Each entry below should be written out exactly as it is, with no pictures.

━━ AVAILABLE DATA ━━

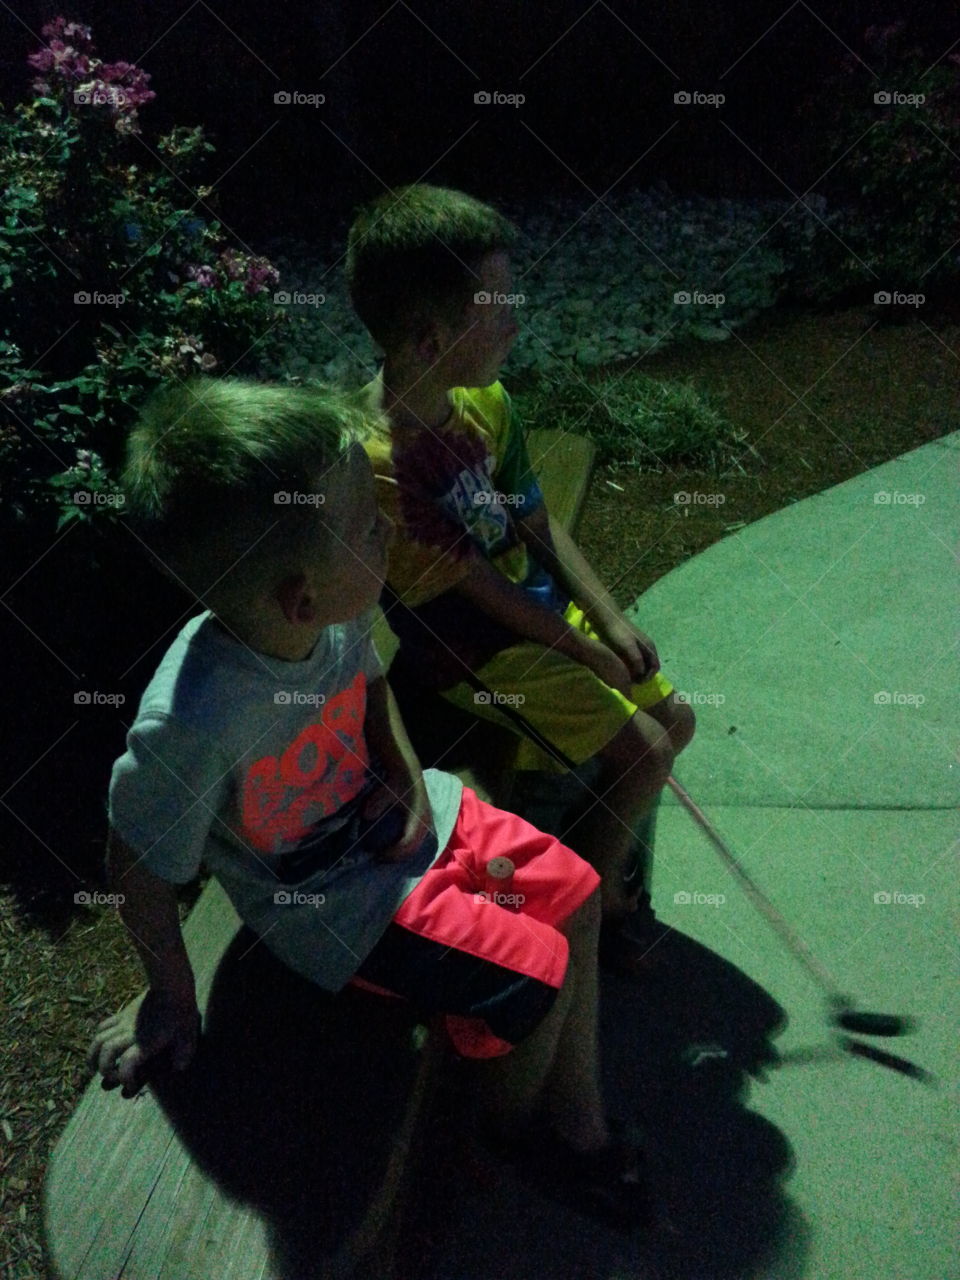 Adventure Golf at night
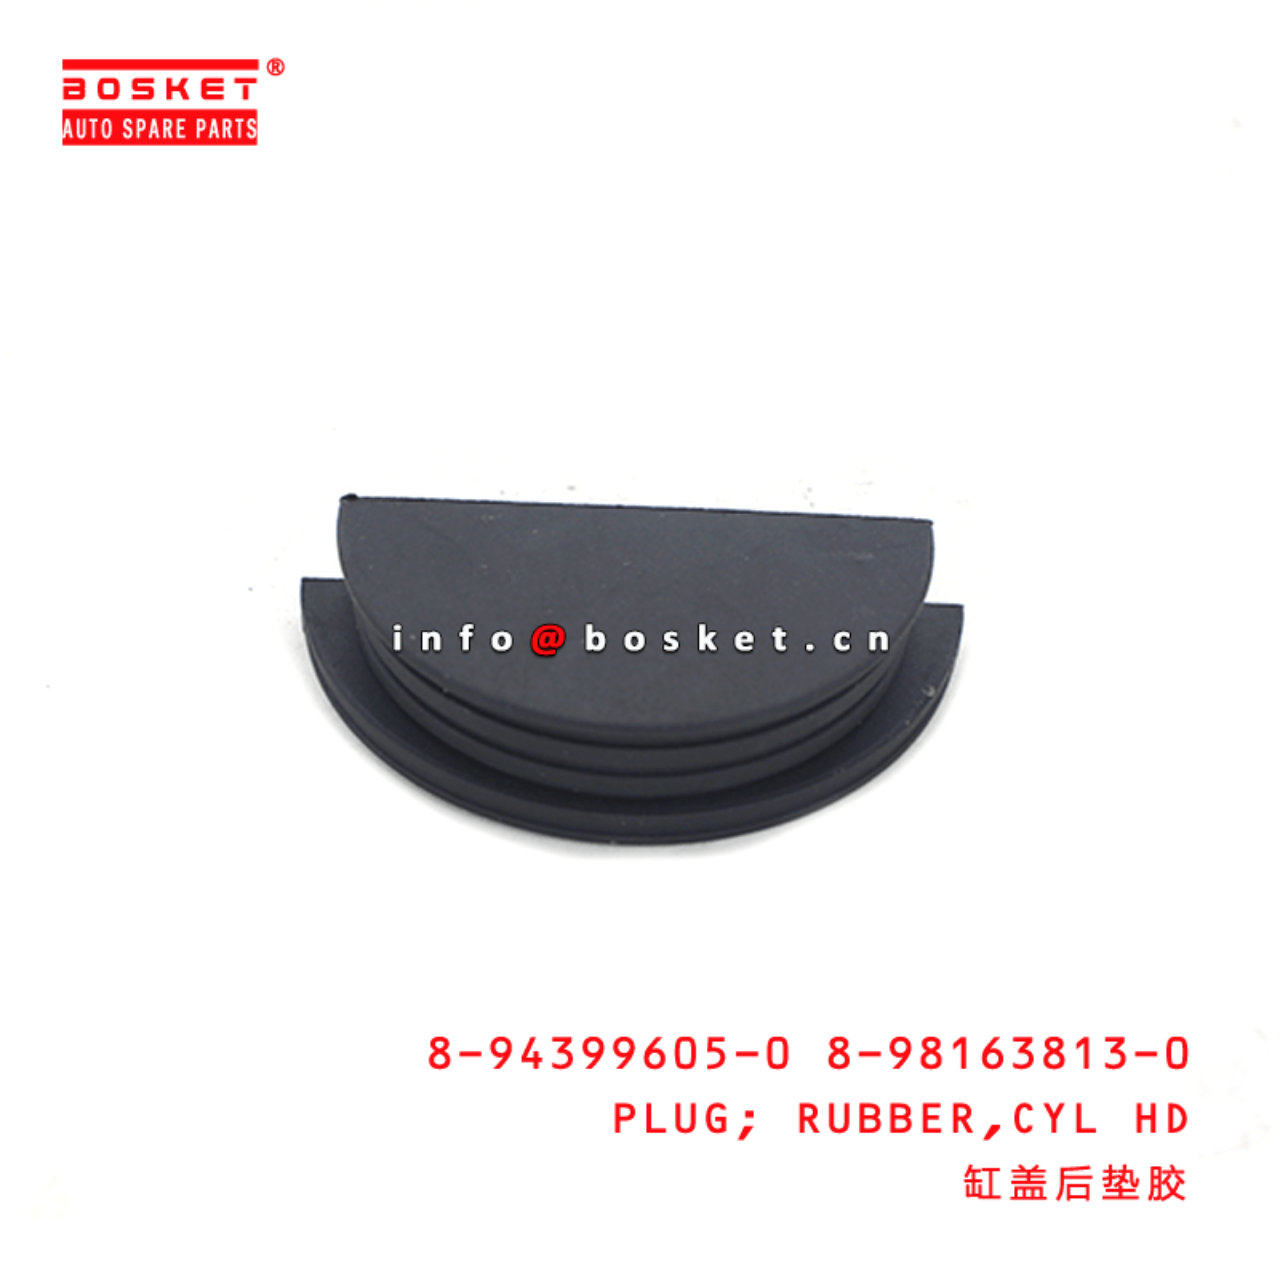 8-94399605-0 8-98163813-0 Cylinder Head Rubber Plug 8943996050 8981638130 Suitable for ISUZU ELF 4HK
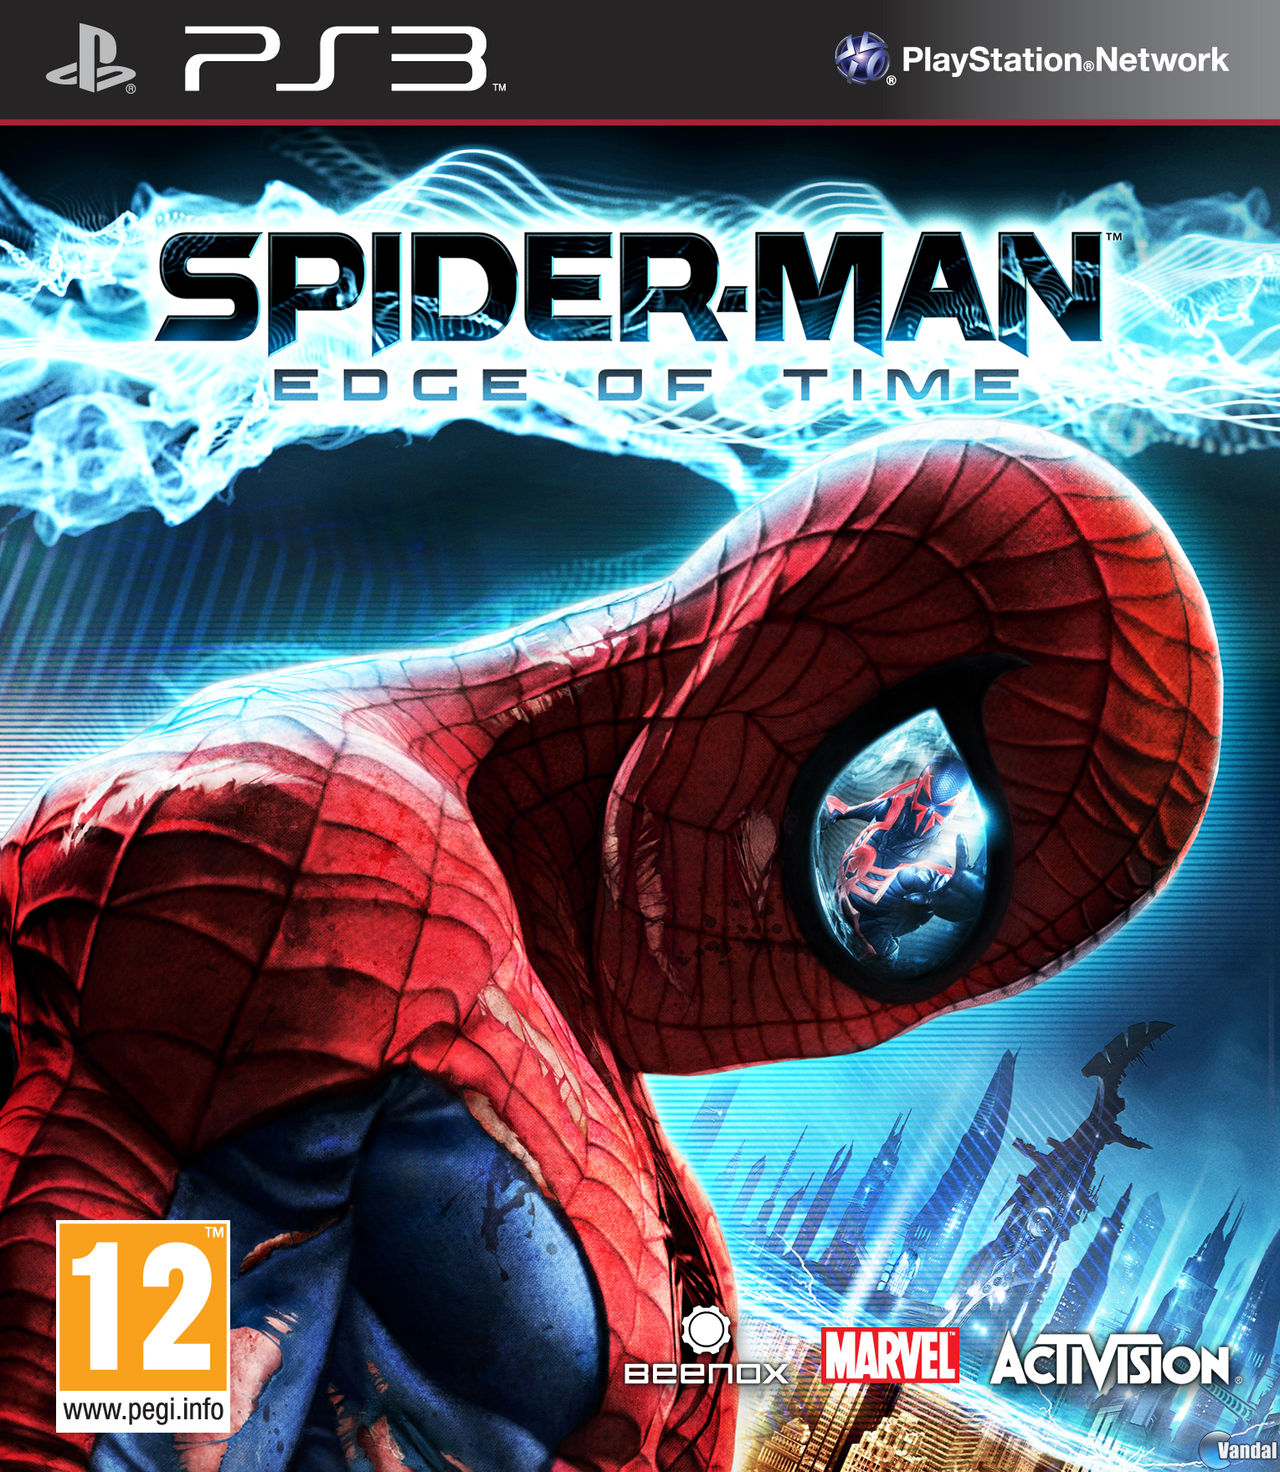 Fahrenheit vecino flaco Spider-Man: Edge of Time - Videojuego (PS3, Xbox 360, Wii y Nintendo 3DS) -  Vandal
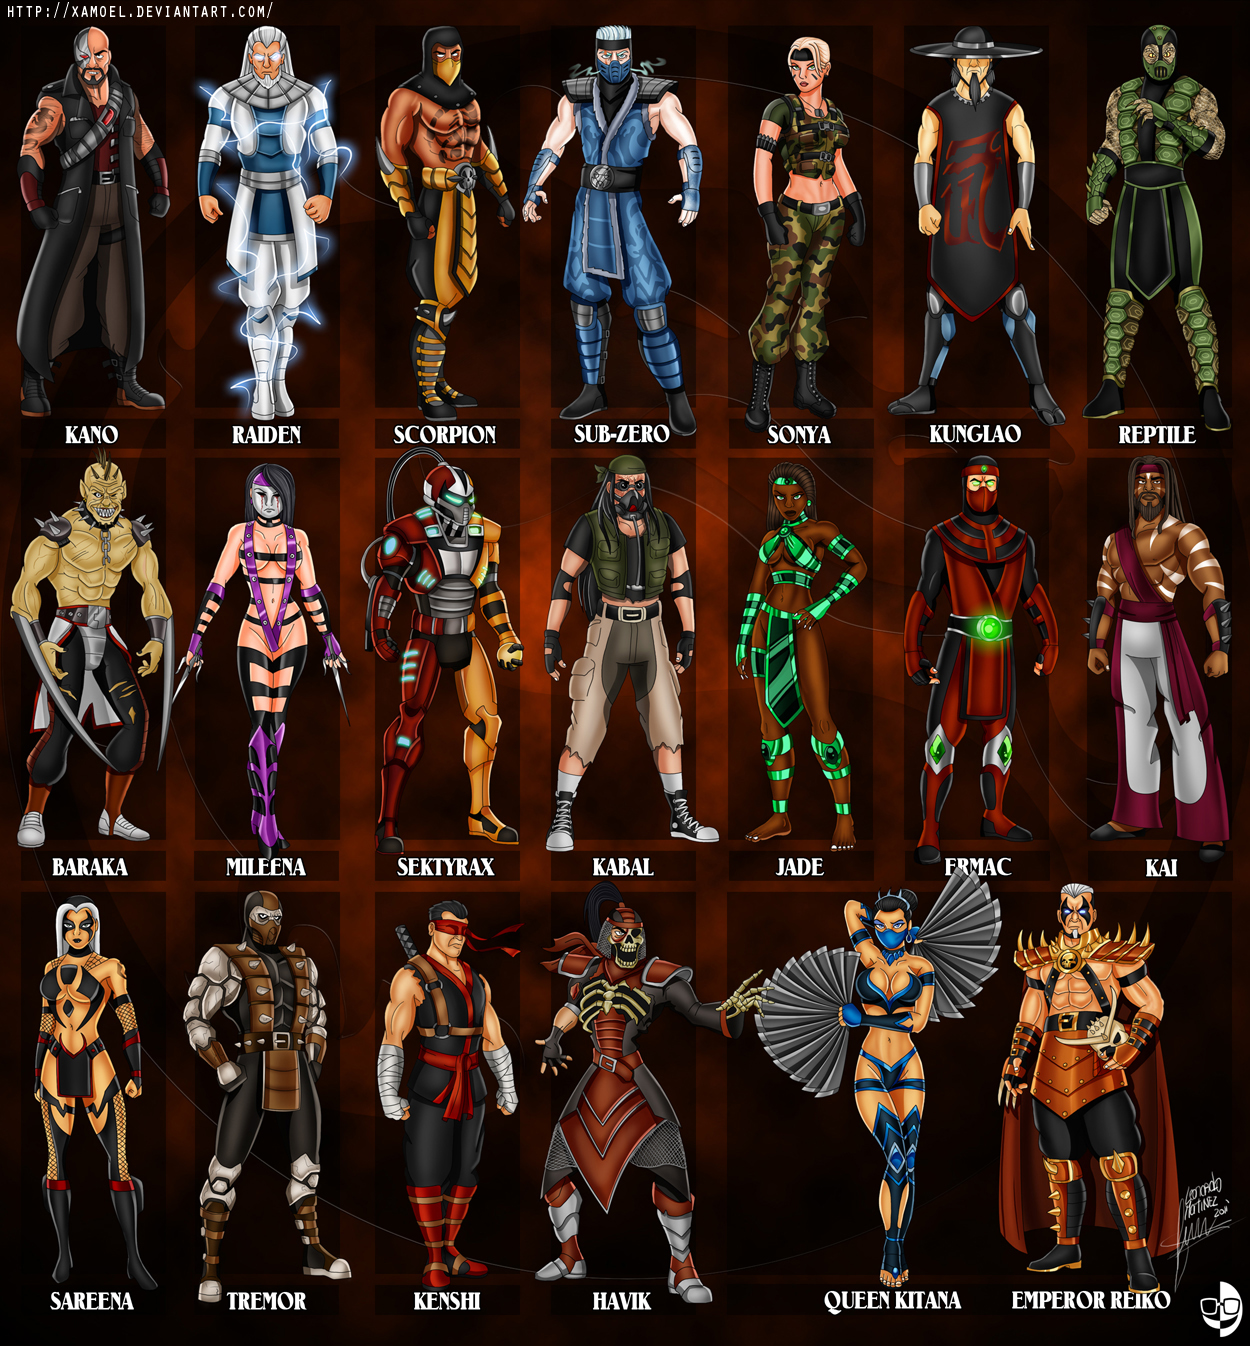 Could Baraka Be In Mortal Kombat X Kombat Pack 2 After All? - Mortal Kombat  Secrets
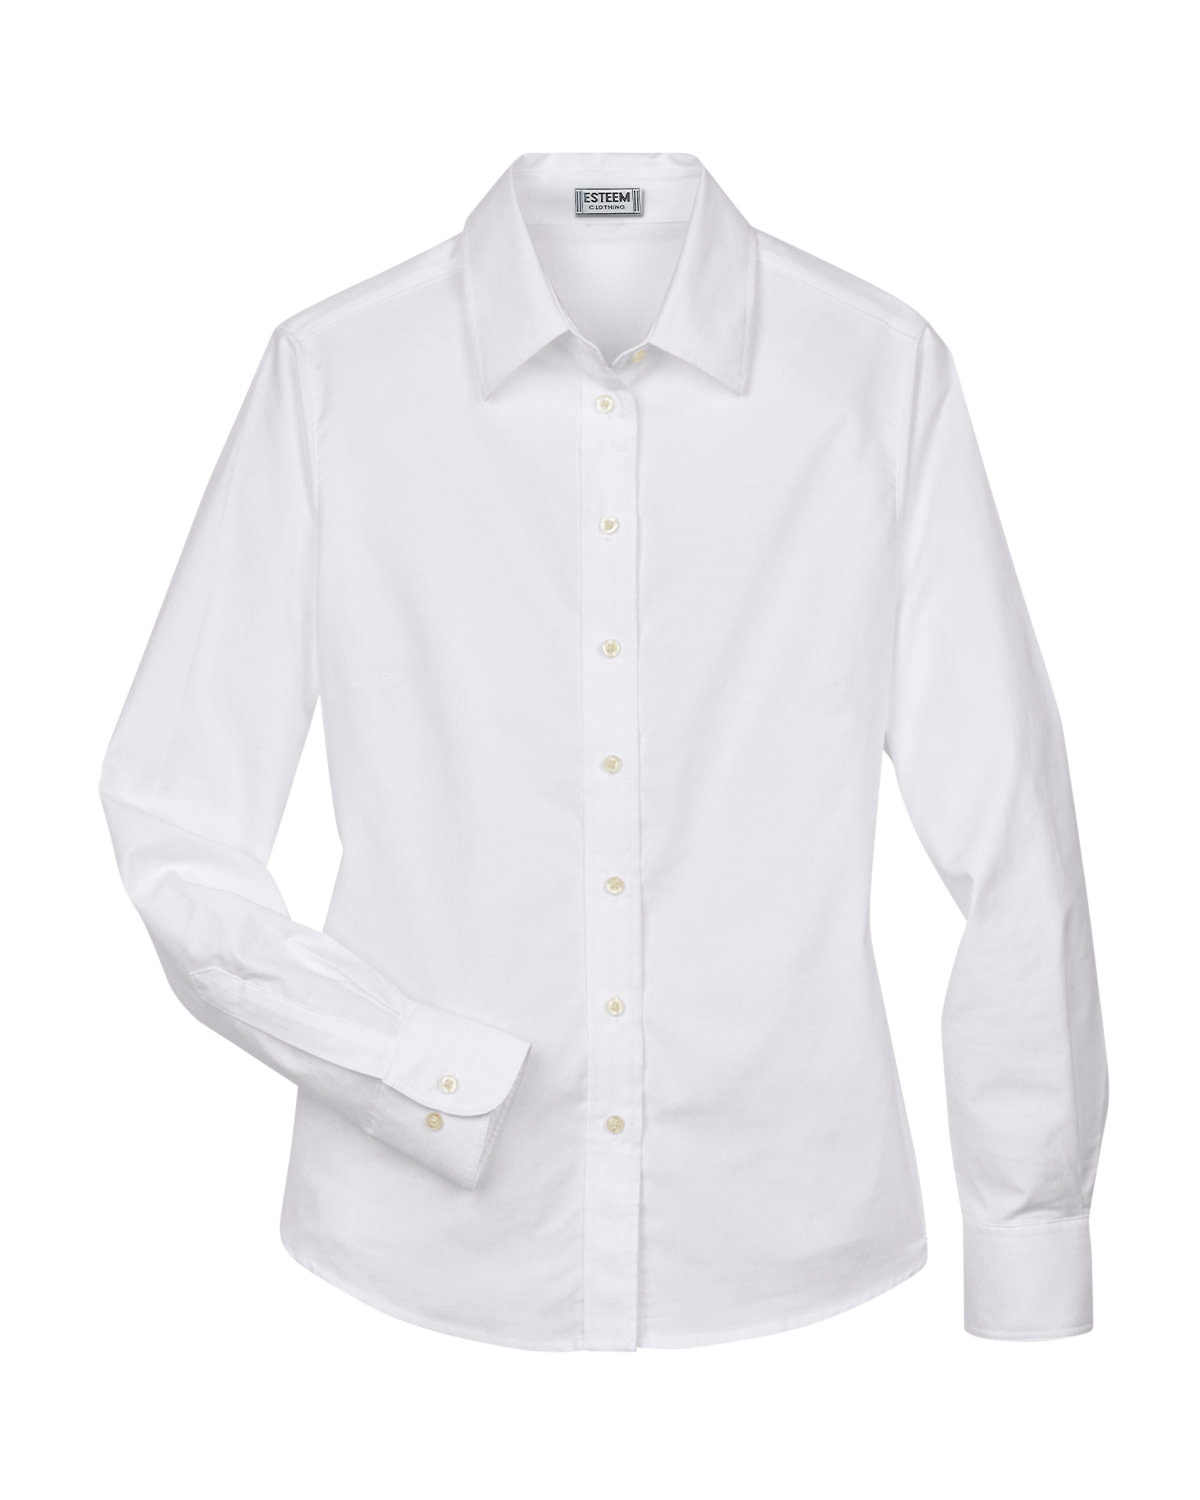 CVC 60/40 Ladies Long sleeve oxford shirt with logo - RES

━━━

COMPLETED EXERCISE:
 Adventure Golf at night
 8-94399605-0 8-98163813-0 Cylinder Head Rubber Plug 8943996050 8981638130 Suitable for ISUZU ELF 4HK
 Fahrenheit vecino flaco Spider-Man: Edge of Time - Videojuego (PS3, Xbox 360, Wii y Nintendo 3DS) -  Vandal
 Could Baraka Be In Mortal Kombat X Kombat Pack 2 After All? - Mortal Kombat  Secrets
 CVC 60/40 Ladies Long sleeve oxford shirt with logo - RES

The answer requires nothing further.